Reviewers of Marilyn Johnston’s first poetry collection, Silk Fist Songs, have been enthusiastic. Clare Rossini has said, “How is it that death, its brutal emptying out, provokes our ripest understandings; that grief, like poetic form, conditions and frees the heart into song? These are the mysteries at the heart of Marilyn Johnston’s beautifully realized collection, which was begotten in the loss of a father and brother. But how much life is in these poems, in their depiction of family, of childhood memory, of evolving love…! Ms. Johnston’s sensibility has all the lush realism of one of those wonderful 17th Century Dutch portrait painters: one wants to reach out and touch the page-become-canvas, so vividly do these poems embody their characters. But—another mystery—it’s her verbal precision that produces the allusiveness of Ms. Johnston’s music, allowing the poems to pierce through to the great powers see-sawing through our lives. In one poem she tells of the painstaking care with which the “Lord of Broken Things” would restore salvaged items ‘by hand, or mind, or magic.’ I say, praise that Lord, patron deity of this meticulously crafted and profoundly moving book.” For his part, Doug Anderson has commented that “Marilyn Johnston’s poems are written exactly where feeling becomes language, as if conceived in that moment just before sleep when we let down our guard and open to our own wholeness. They are beautifully crafted, but even more importantly, the poet has been relentless in her avoidance of the false note. These poems are true, and human, and ones you’ll want to live with. This is a very strong first book.”

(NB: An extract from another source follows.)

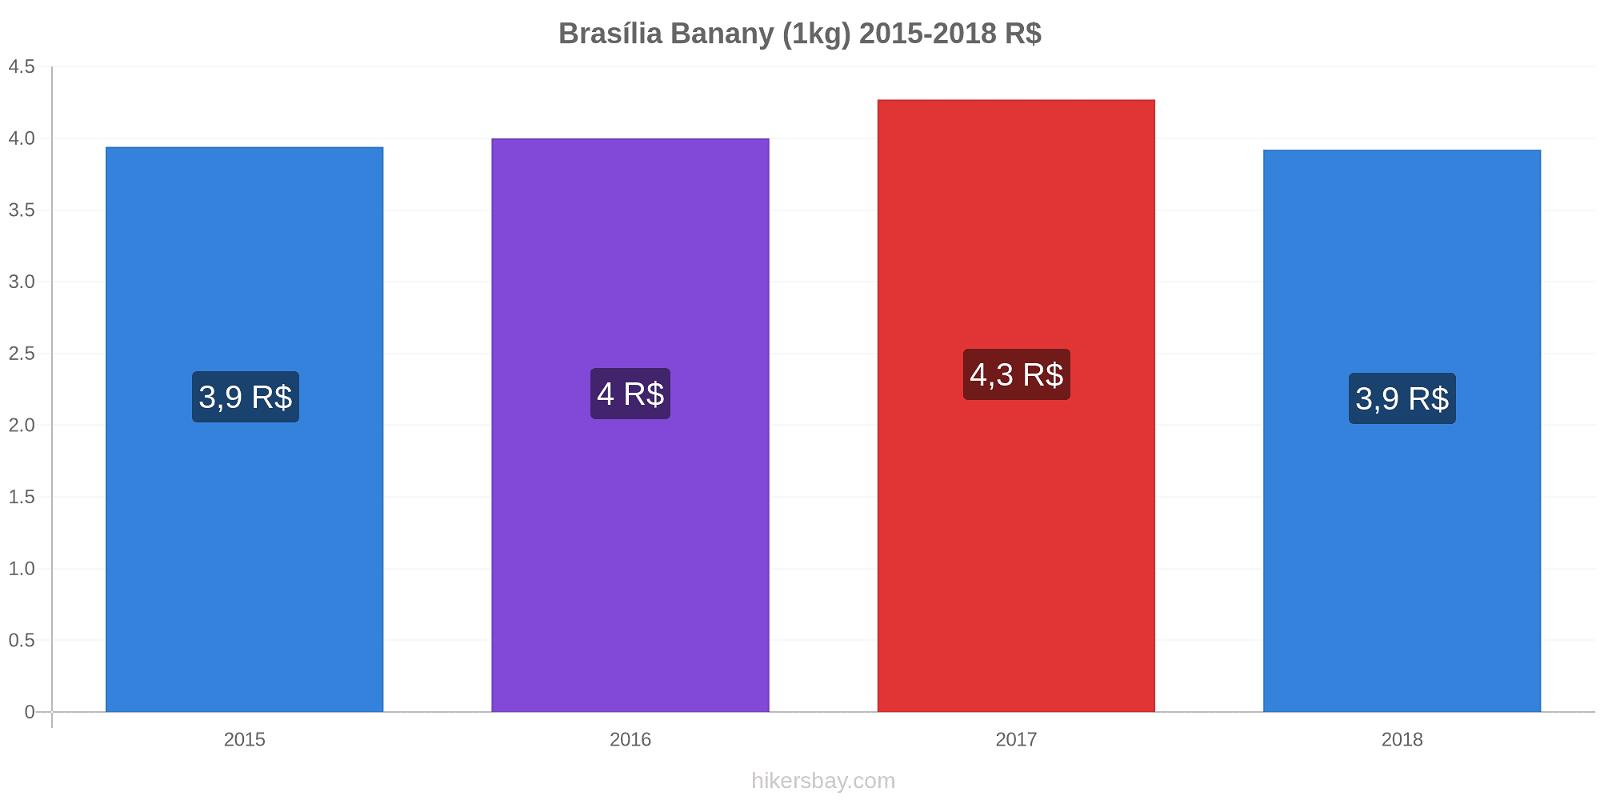 Brasília zmiany cen Banany (1kg) hikersbay.com

Marilyn E. Johnston was born and raised in Hartford in a lineage of Connecticut Irish farmers on her mother’s side and Illinois Finnish immigrants on her father‘s. Recipient of an MA in English from Trinity College, for many years she pursued a career in insurance communications, a career she abandoned in order to concentrate on the writing of poetry. In the past decade, her work has received five Pushcart Prize nominations and has appeared in numerous literary journals including The Worcester Review, Atlanta Review, South Carolina Review, and Poet Lore. Her chapbook Against Disappearance was published as finalist for the 2001 Redgreene Press Poetry Prize. Commitments to poetry and to community have led her to work in the Bloomfield Public Library, where she directs a poetry series presenting area writers to an ever-expanding audience. With her husband, Ray, she lives on an old farm in Bloomfield, Connecticut.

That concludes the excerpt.